Genome-wide association studies (GWAS) help identify polymorphic sites or genes linked to phenotypic variance, but a few identified genes and/or single nucleotide polymorphisms (SNPs) are unlikely to explain a large part of the phenotypic variability of complex traits. In this study, the focus was moved from single loci to functional units, expressed by the metabolic pathways as defined in the Kyoto Encyclopaedia of Genes and Genomes (KEGG) database. Consequently, the aim of this study was to estimate KEGG effects on stature in three Nordic dairy cattle breeds using SNP effects from GWAS as the dependent variable. The SNPs were annotated to genes, then the genes to KEGG pathways. The effects of KEGG pathways were estimated separately for each breed using a mixed linear model incorporating the similarity between pathways expressed by common genes. The KEGG pathway D-amino acid metabolism (map00473) was estimated to be significant for stature in two of the analysed breeds and revealed a borderline significance in the third breed. Thus, we demonstrate that the approach to statistical modelling of higher order functional effects on complex traits is useful, and provides evidence of the importance of D-amino acids for growth in cattle.

Background

Genome-wide association studies (GWAS) are very useful for the identification of polymorphic sites, typically single nucleotide polymorphisms (SNPs), or sometimes of genes associated with a phenotypic variation or with a disease. Today, the common availability of SNPs obtained based on whole-genome sequencing allows for a very good resolution of the estimation of those associations. However, in the context of phenotypes that show a complex mode of inheritance, a few genes and/or SNPs are not expected to be sufficient to explain the variability on a phenotypic level. As a consequence, in many cases, it is possible to identify loci with a very large effect on the phenotypic variation, but still, a predominant proportion of this variation remains unexplained [1], since it is often due to a combined effect of many loci, each with a moderate or small impact.
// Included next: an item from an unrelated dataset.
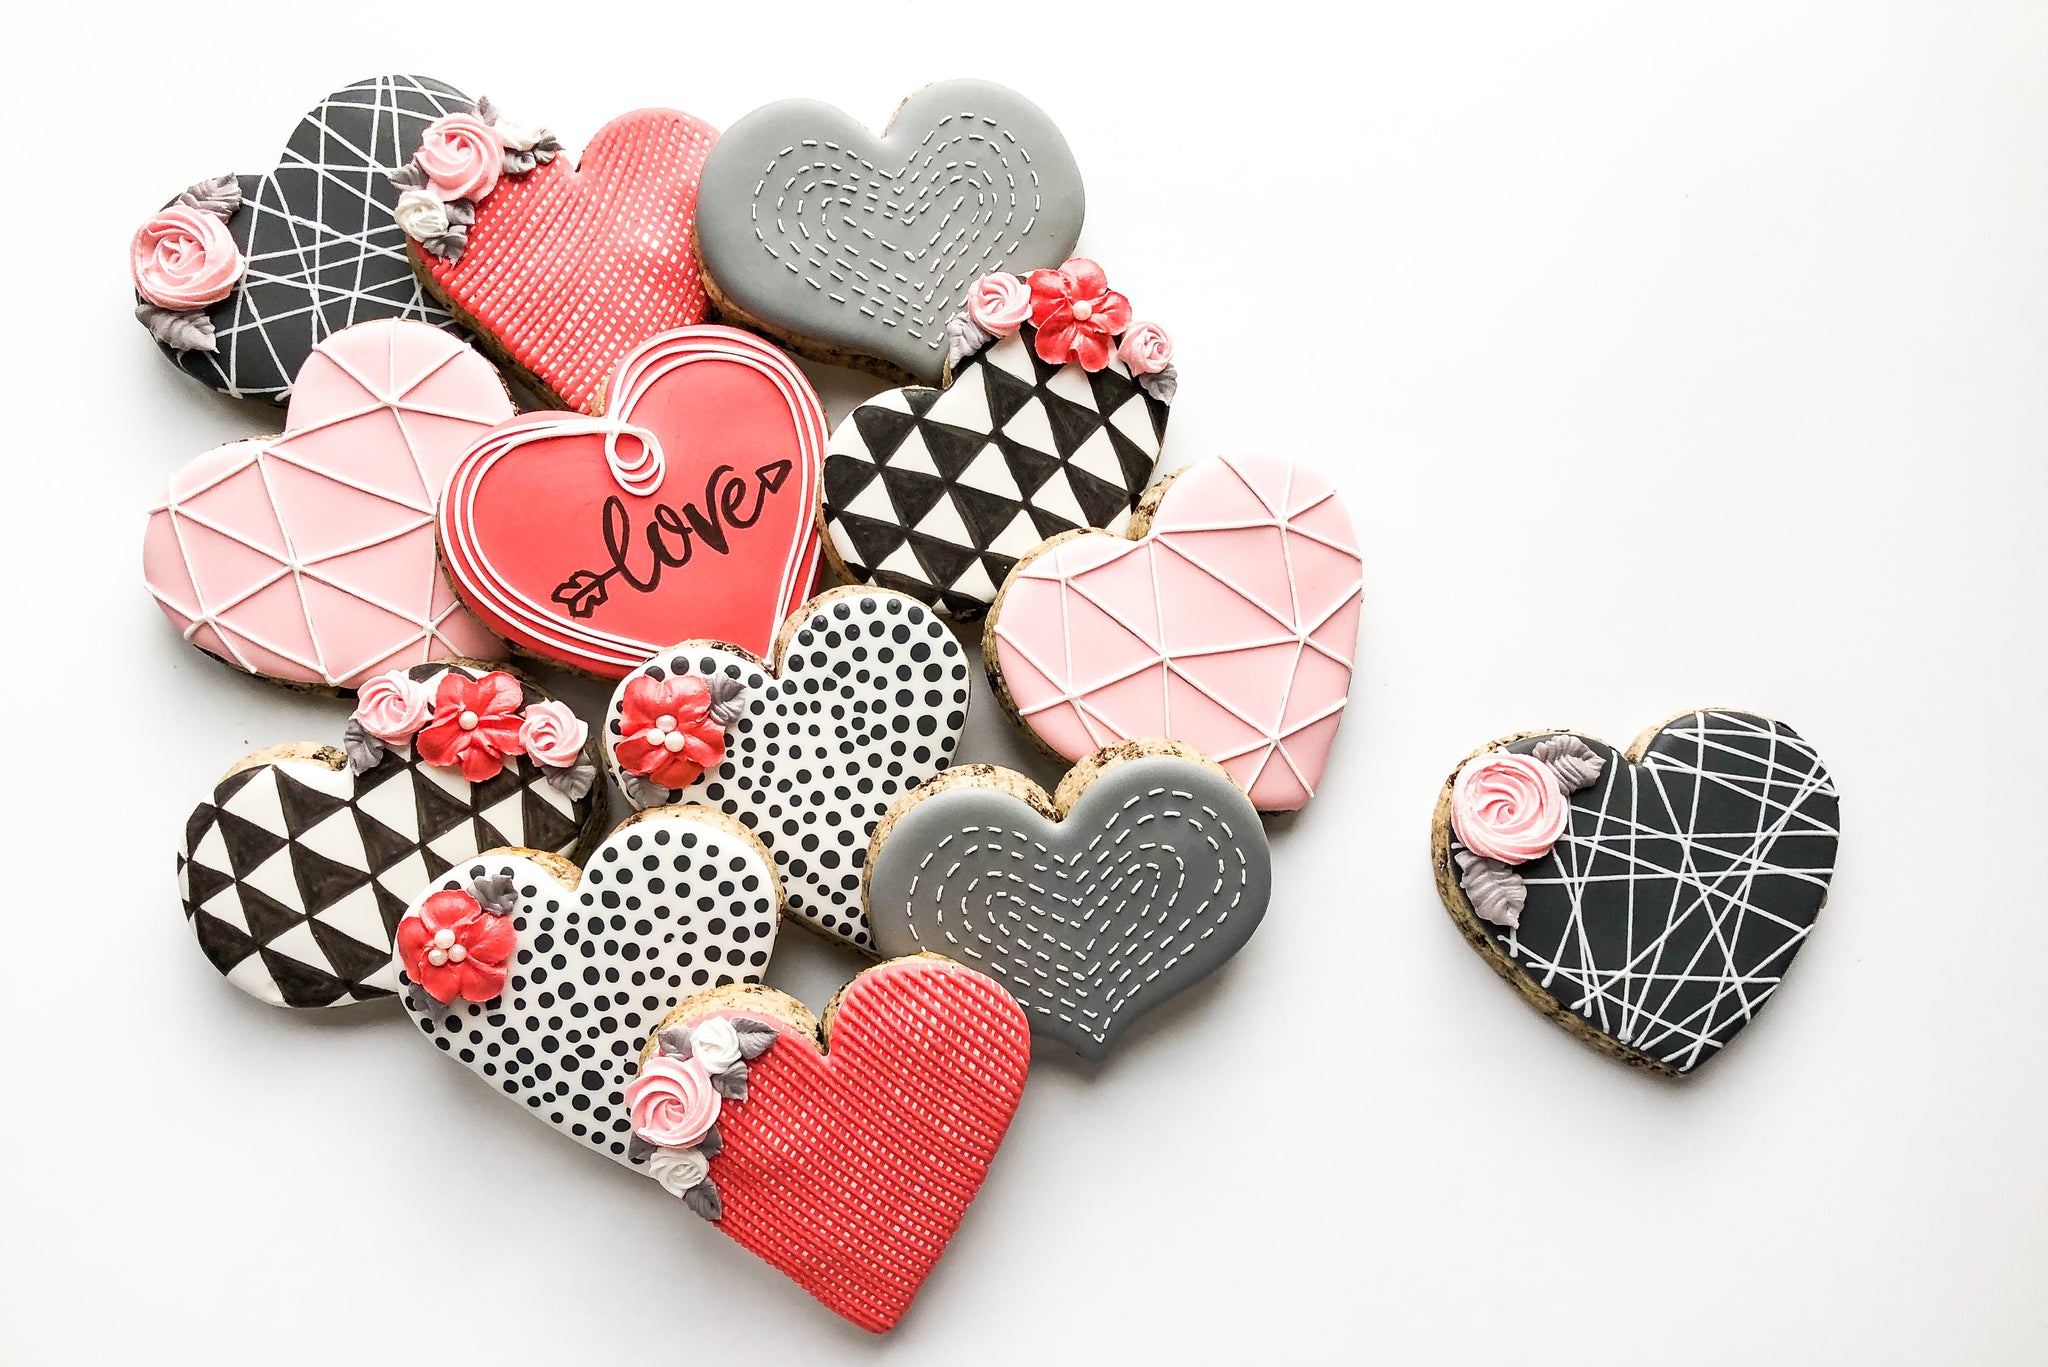 How to make Valentine’s Day cookies

Therefore, in our study, we moved the focus from a single locus to functional units, here expressed by the metabolic pathways defined by the Kyoto Encyclopaedia of Genes and Genomes (KEGG) database. This approach allows us to better understand the physiological mechanisms that underlie complex phenotypes. In the literature, the estimation of the effects of pathways has mainly been applied to gene expression data, but rarely in the GWAS context (see e.g. [2]). In this study, we used SNP summary statistics originating from the GWAS conducted for stature and based on whole-genome sequence data of three Nordic dairy cattle breeds. To our knowledge, this methodological approach proposes a new model, that is statistically most similar, albeit not equivalent, to the analysis described by [3].

Methods

The analysed data comprised SNP summary statistics from GWAS performed on 5062 Danish Holstein bulls, 924 Danish Red Dairy Cattle bulls, and 2122 Finnish Red Dairy Cattle bulls [4]. The association was calculated for 25.4 million variants that were imputed with Minimac2 [5] from 630,000 SNPs using the 1000 Bull Genomes reference population from Run4, consisting of 1147 individuals. SNP additive effects were estimated for deregressed estimated breeding values (EBV) for stature. These were used as pseudophenotypes, separately for each breed, with a single SNP mixed linear model including an additive polygenic effect with a covariance described by a genomic relationship matrix. The model was implemented via the EMMAX software [6].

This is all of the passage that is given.